The Means of Production

Why AI Model Ownership Matters: Labor, Power, and the Future of Wages

n every age of rapid technological change, society is faced with a fundamental question: who benefits? This was true during the steam-powered upheavals of the 19th century, and it is true now in the era of artificial intelligence. While the tools and timelines differ, the underlying forces remain remarkably similar.

We are not merely witnessing the rise of a new class of software tools—we are living through a second Industrial Revolution, this time driven by code instead of coal. And just as in the first, the question of ownership is central. In this new economy, the levers of productivity are not factories or railroads, but AI models: massive algorithmic systems capable of replacing labor, extracting value, and reshaping industries. And unless we act, that value will flow—overwhelmingly and exclusively—to those who own the models.

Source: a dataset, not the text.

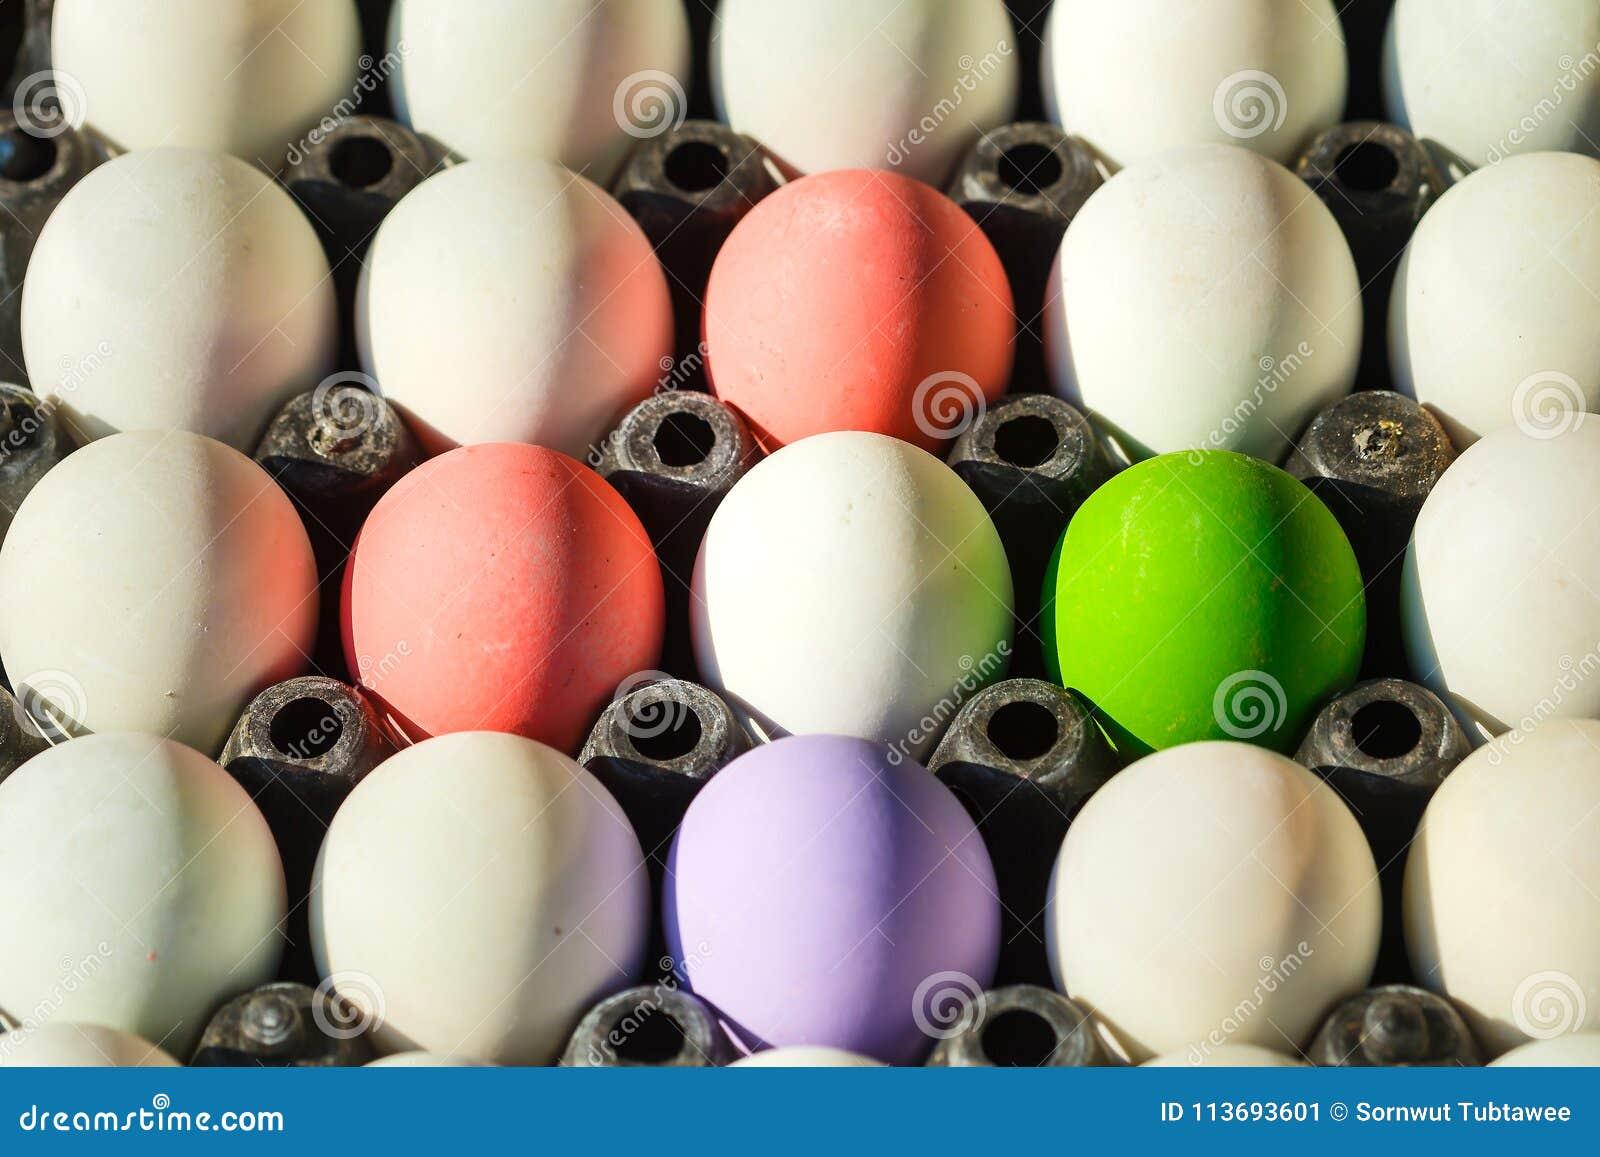 Salted egg/easter eggs/Century egg.

From Machines to Models: A Shift in the Means of Production

During the first Industrial Revolution, factories and machines allowed owners to produce more goods with fewer people. Entire sectors of labor were displaced or deskilled. Traditional artisans were replaced by machine operators. Farmhands migrated to urban centers to find new forms of work. The resulting economic disruption was profound—and deeply unequal. A small group of capitalists amassed enormous wealth, while many workers endured low wages, dangerous conditions, and little recourse.

Today, we are seeing a new version of that transformation. But this time, the “machines” are not physical. They are large language models, neural networks, and algorithmic agents—trained on oceans of data and capable of generating everything from code to marketing copy to policy analysis.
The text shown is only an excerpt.